WHAT IS REQUIRED → A faithful copy of the listing below is needed, one that contains no pictures.

DATA EXCERPT →
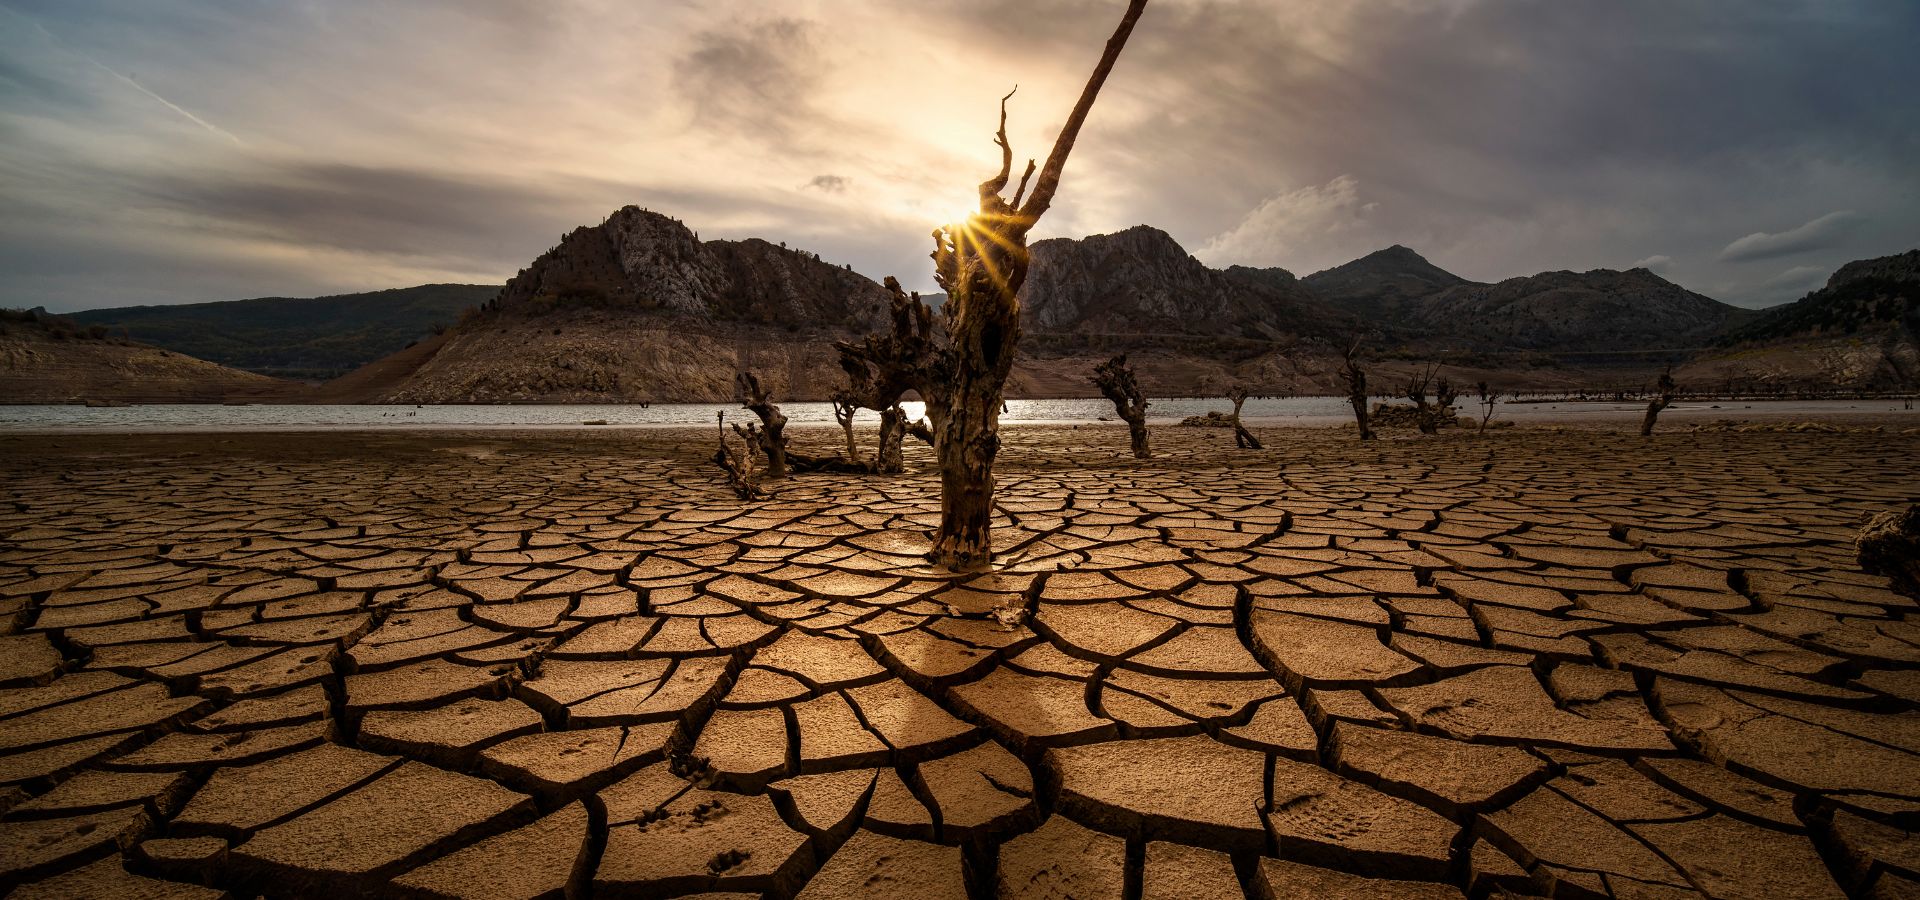 Emergenza siccita: l'acqua come tema di investimento
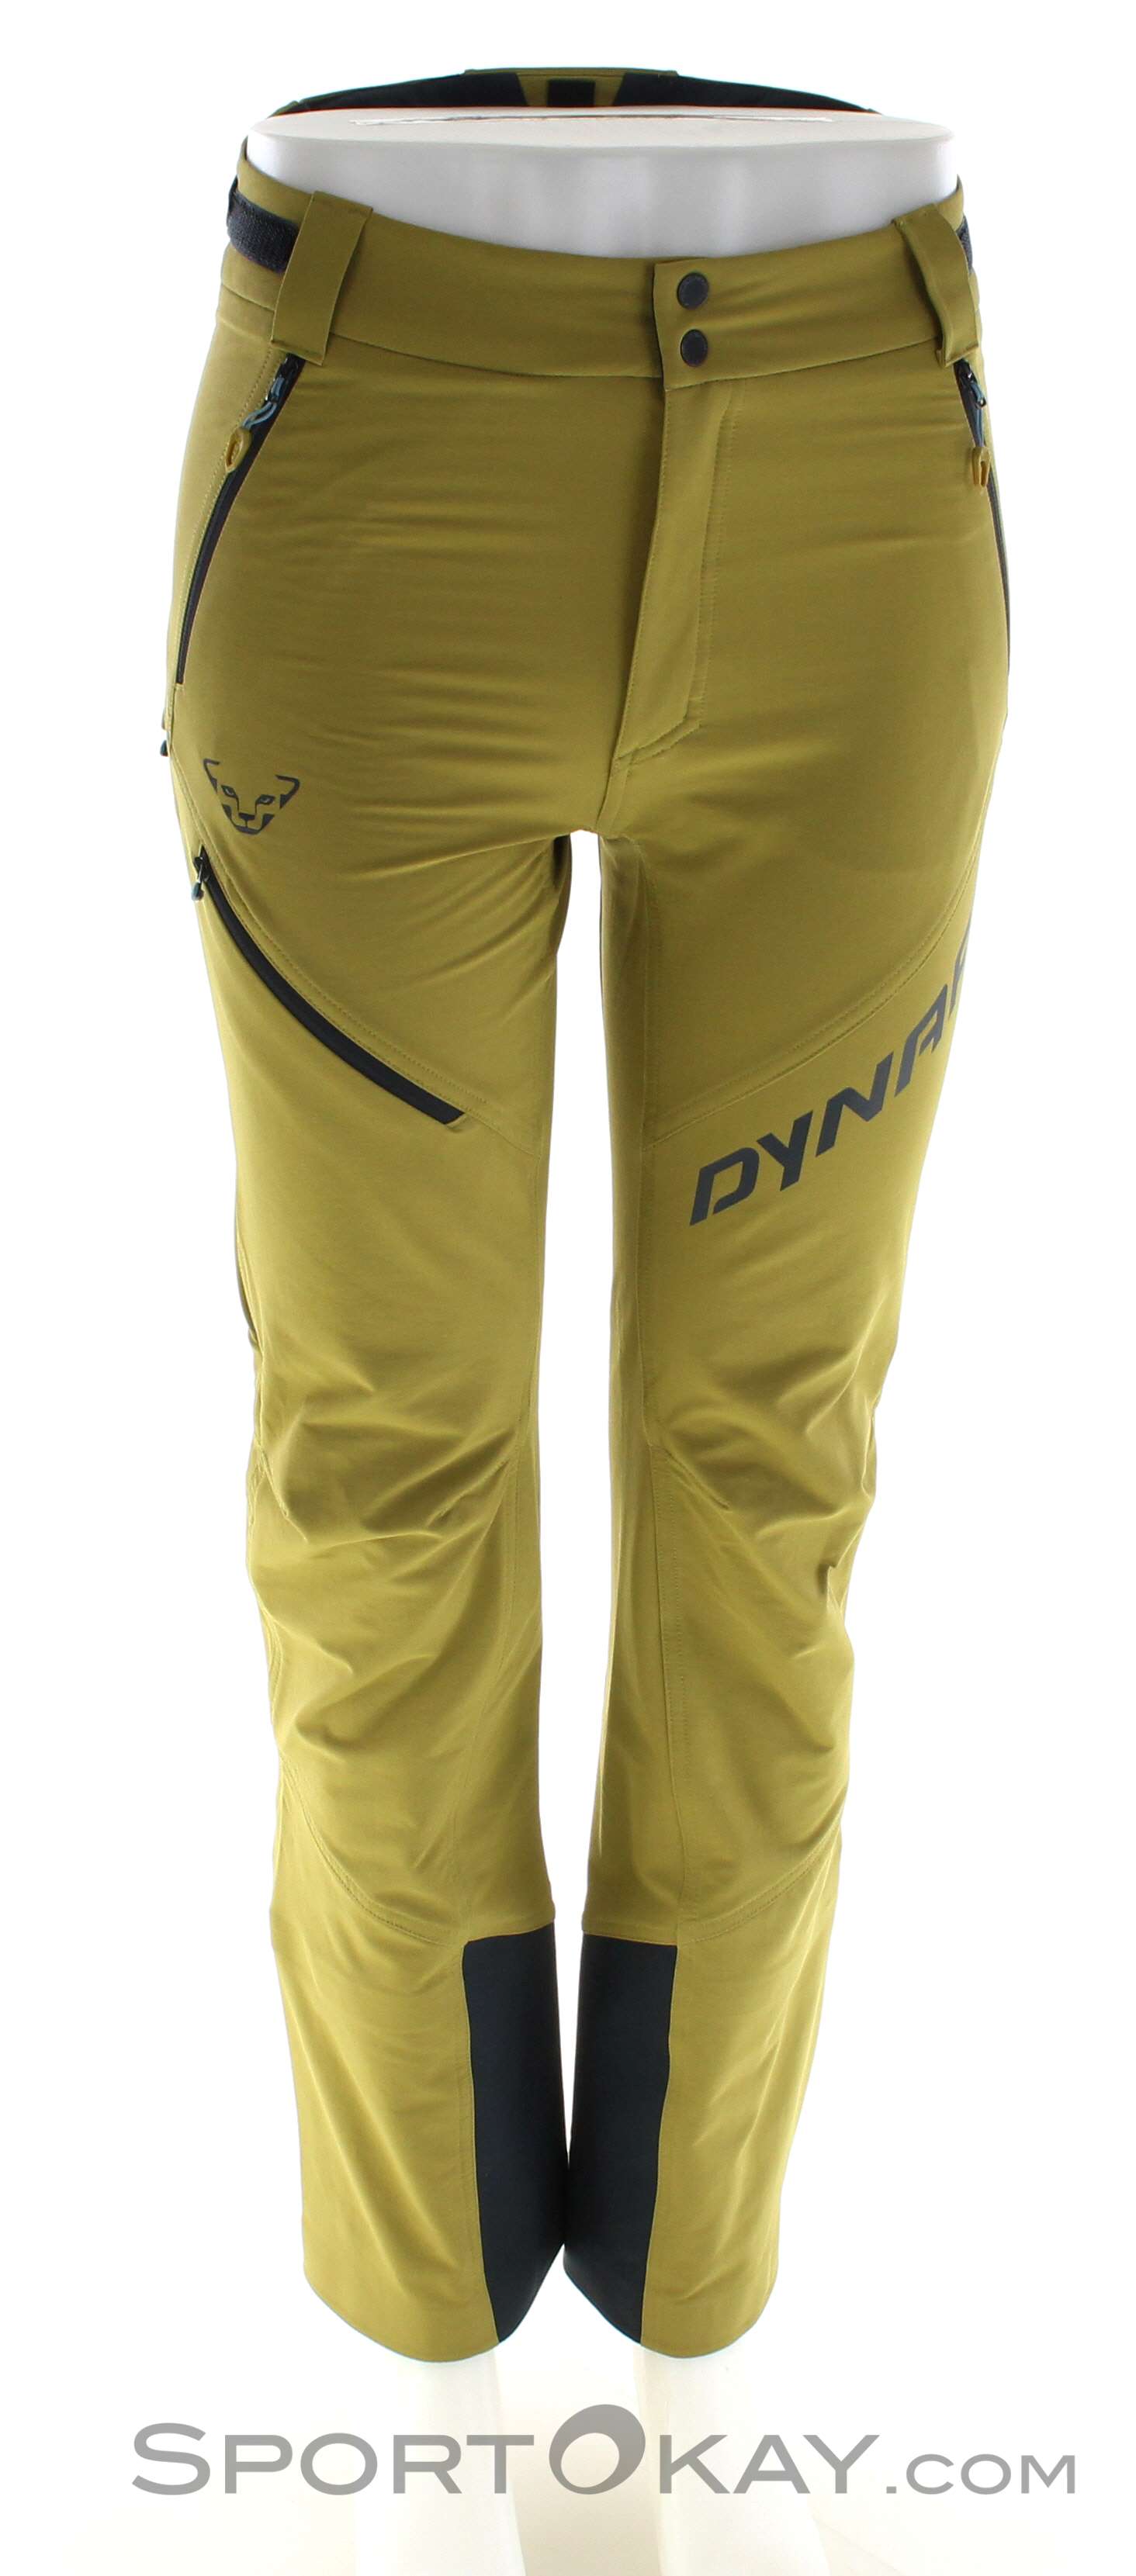 Dynafit Mercury Dynastretch Uomo Pantaloni da Sci Alpinismo - Pantaloni -  Abbigliamento da sci alpinismo - Sci alpinismo - Tutti
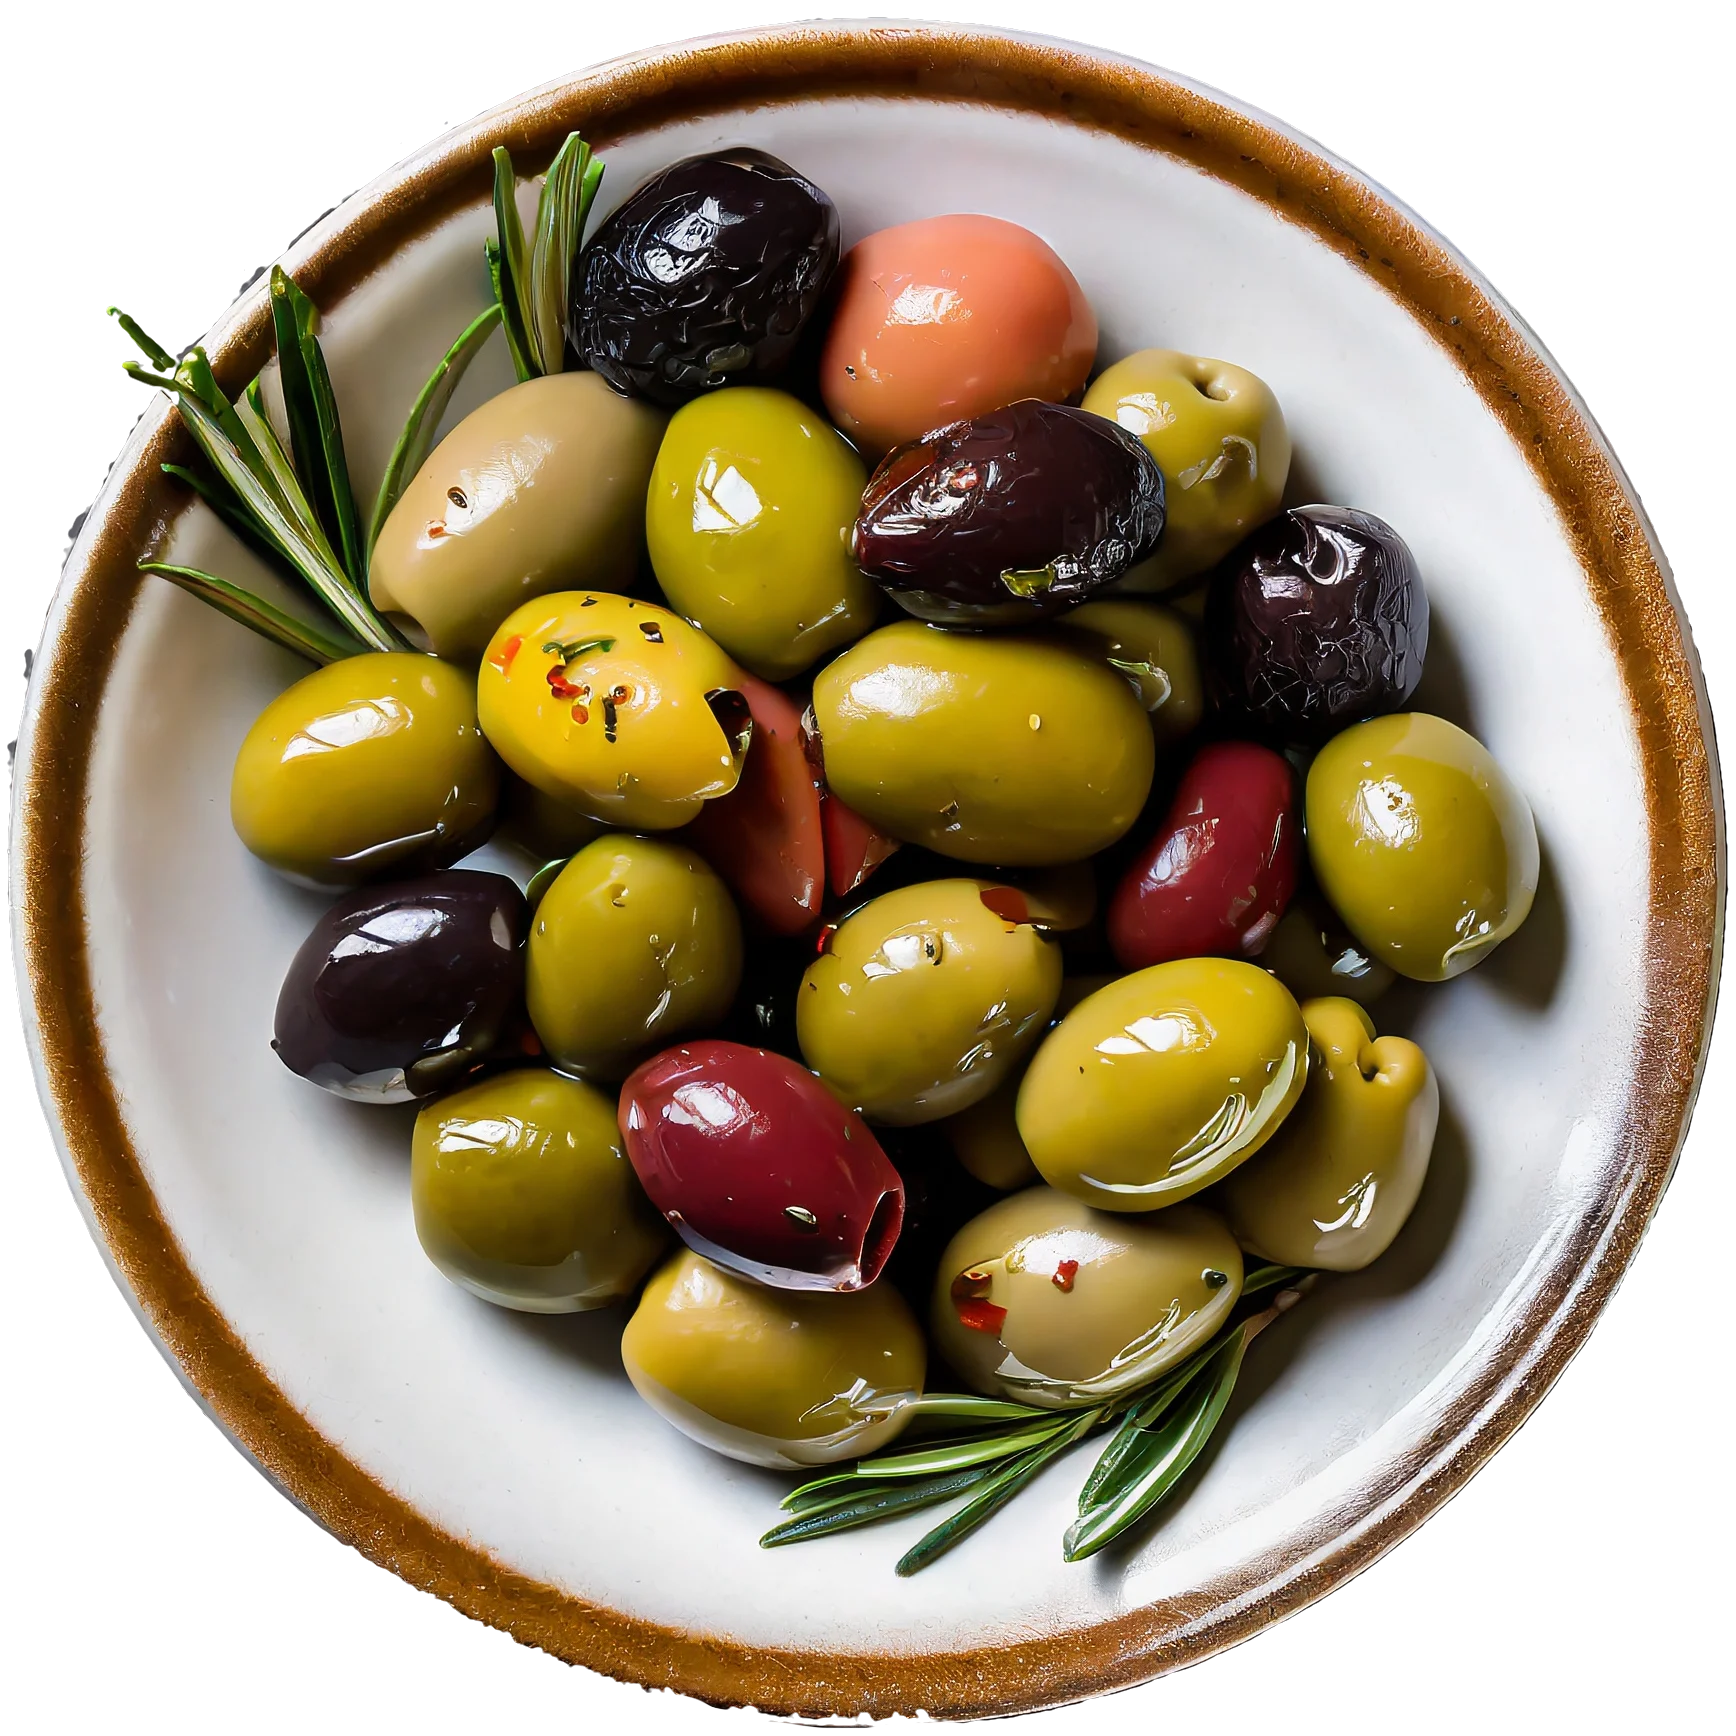 Olive Miste

RESULT →
 Emergenza siccita: l'acqua come tema di investimento
 Dynafit Mercury Dynastretch Uomo Pantaloni da Sci Alpinismo - Pantaloni -  Abbigliamento da sci alpinismo - Sci alpinismo - Tutti
 Olive Miste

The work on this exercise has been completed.